No, if it only reports that it should be fine.

[u+q...@bestemt.no]

Gaiko <gaikokuji...@gmail.com> [2017-05-02 03:36 +0200]:

> > What happens if you run `qvm-open-in-vm work https://qubes-os.org` in
> > tbirdVM
>
> it seems to work just fine that way
>
> > and when you run xdg-open https://qubes-os.org in the work VM
> > (without the quotes)?
>
> ok, xdg-open I hadn't tried. But regardless this seems to work fine as well.

Good!

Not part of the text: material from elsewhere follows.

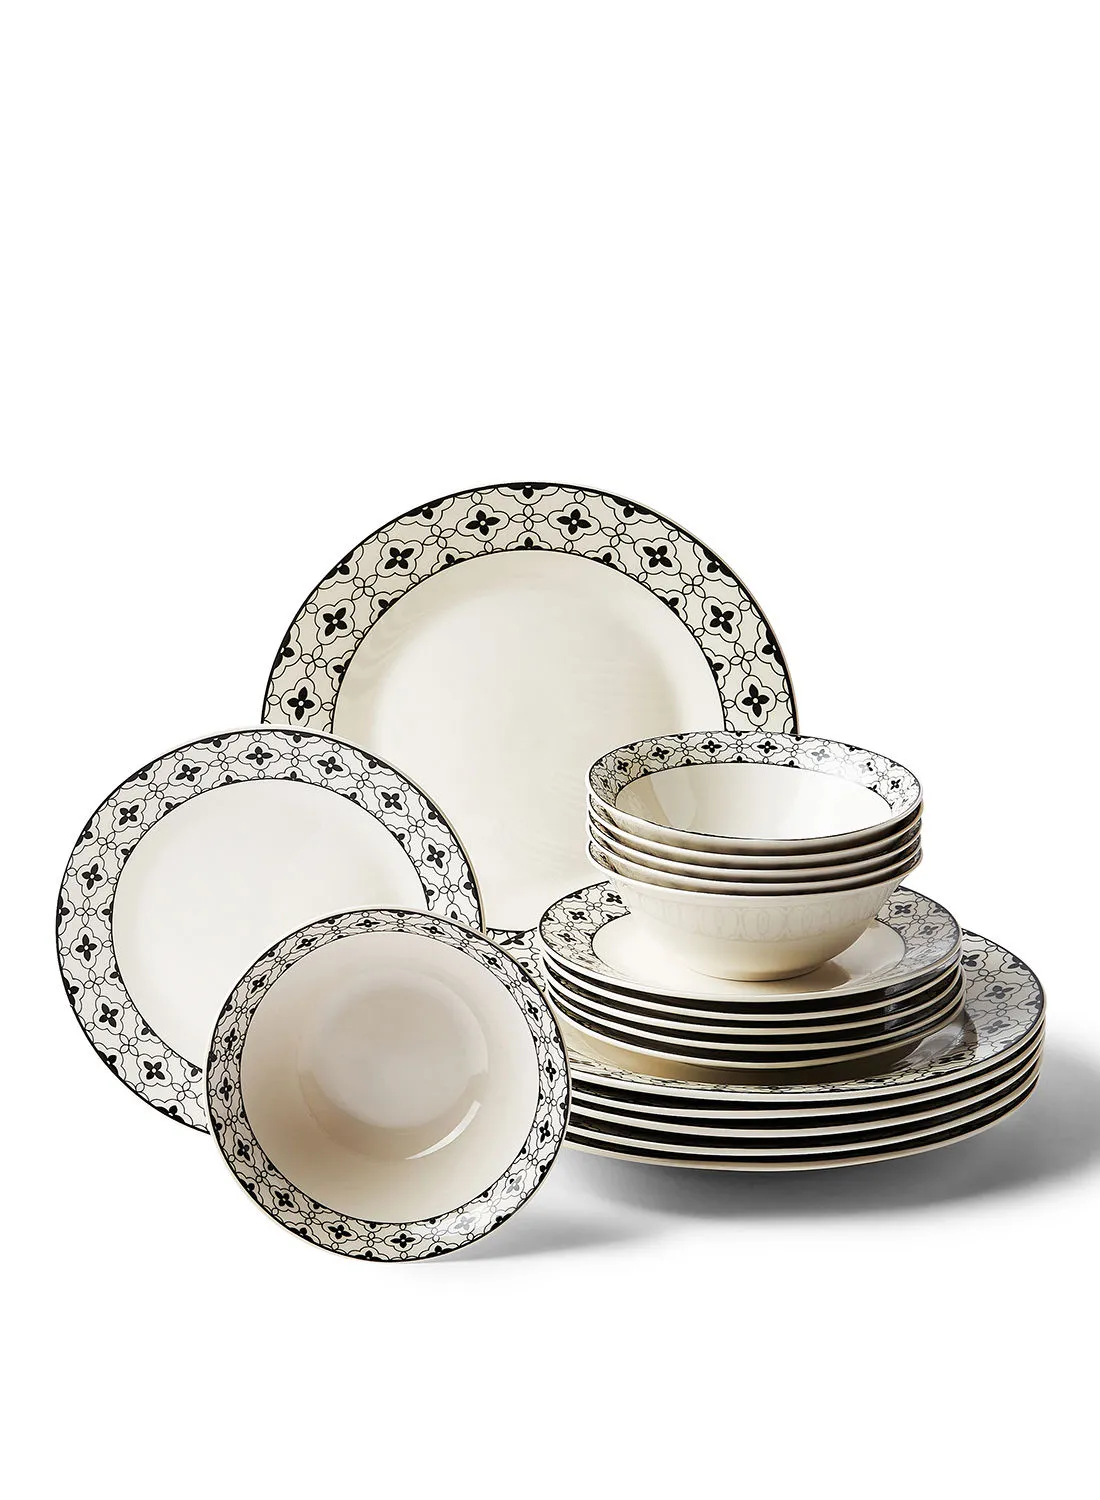 noon east 18 Piece Porcelain Dinner Set - Dishes, Plates - Dinner Plate, Side Plate, Bowl - Serves 6 - Printed Design Dalia

That means qvm-open-in-vm (sending the link to the work VM and
telling it to open it) and opening it internally in the work VM
works as intended.

What does ~/.local/share/applications/mimeapps.list in tbird look like?
It should look like this (from the mentioned how-to):

[Default Applications]
x-scheme-handler/unknown=open_work_vm.desktop
x-scheme-handler/about=open_work_vm.desktop
x-scheme-handler/http=open_work_vm.desktop
x-scheme-handler/https=open_work_vm.desktop
text/html=open_work_vm.desktop
text/xml=open_work_vm.desktop
image/gif=open_work_vm.desktop
image/jpeg=open_work_vm.desktop
image/png=open_work_vm.desktop
application/xhtml+xml=open_work_vm.desktop
application/xml=open_work_vm.desktop
application/vnd.mozilla.xul+xml=open_work_vm.desktop
application/rss+xml=open_work_vm.desktop
application/rdf+xml=open_work_vm.desktop

Remove the lines for any MIME types you don't want to open with your
work VM.

--
ubestemt

[wordsw...@gmail.com]

On Wednesday, June 22, 2016 at 2:38:22 PM UTC-4, Micah Lee wrote:

> I published a quick blog post explaining how I do this:
>
> https://micahflee.com/2016/06/qubes-tip-opening-links-in-your-preferred-appvm/

Any thoughts (Micah or the community), on whether this creates an avenue for persistent compromise of a VM?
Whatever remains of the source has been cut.